■ **TASK DIRECTIONS**: Print the line that contains "Javier Pena e" and every line after it through the last line of the records below, exactly as written and nothing else.

Data records:

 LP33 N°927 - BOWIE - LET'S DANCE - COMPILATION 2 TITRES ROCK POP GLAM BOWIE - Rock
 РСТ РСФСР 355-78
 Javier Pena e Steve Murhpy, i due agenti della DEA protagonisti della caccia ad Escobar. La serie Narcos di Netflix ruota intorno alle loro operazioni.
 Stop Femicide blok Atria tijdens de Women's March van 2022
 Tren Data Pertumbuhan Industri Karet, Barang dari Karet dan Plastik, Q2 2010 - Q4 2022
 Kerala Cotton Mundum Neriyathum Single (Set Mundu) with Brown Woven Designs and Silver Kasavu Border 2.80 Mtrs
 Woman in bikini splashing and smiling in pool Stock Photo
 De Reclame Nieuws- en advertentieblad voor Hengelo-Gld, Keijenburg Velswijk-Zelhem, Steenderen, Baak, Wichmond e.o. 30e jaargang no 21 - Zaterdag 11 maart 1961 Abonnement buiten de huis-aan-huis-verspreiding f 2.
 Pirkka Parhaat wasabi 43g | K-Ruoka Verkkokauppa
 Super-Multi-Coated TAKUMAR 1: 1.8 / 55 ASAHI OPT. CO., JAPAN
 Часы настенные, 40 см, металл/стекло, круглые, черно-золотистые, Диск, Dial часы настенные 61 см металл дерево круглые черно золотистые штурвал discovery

■ **ANSWER BOX**:
 Javier Pena e Steve Murhpy, i due agenti della DEA protagonisti della caccia ad Escobar. La serie Narcos di Netflix ruota intorno alle loro operazioni.
 Stop Femicide blok Atria tijdens de Women's March van 2022
 Tren Data Pertumbuhan Industri Karet, Barang dari Karet dan Plastik, Q2 2010 - Q4 2022
 Kerala Cotton Mundum Neriyathum Single (Set Mundu) with Brown Woven Designs and Silver Kasavu Border 2.80 Mtrs
 Woman in bikini splashing and smiling in pool Stock Photo
 De Reclame Nieuws- en advertentieblad voor Hengelo-Gld, Keijenburg Velswijk-Zelhem, Steenderen, Baak, Wichmond e.o. 30e jaargang no 21 - Zaterdag 11 maart 1961 Abonnement buiten de huis-aan-huis-verspreiding f 2.
 Pirkka Parhaat wasabi 43g | K-Ruoka Verkkokauppa
 Super-Multi-Coated TAKUMAR 1: 1.8 / 55 ASAHI OPT. CO., JAPAN
 Часы настенные, 40 см, металл/стекло, круглые, черно-золотистые, Диск, Dial часы настенные 61 см металл дерево круглые черно золотистые штурвал discovery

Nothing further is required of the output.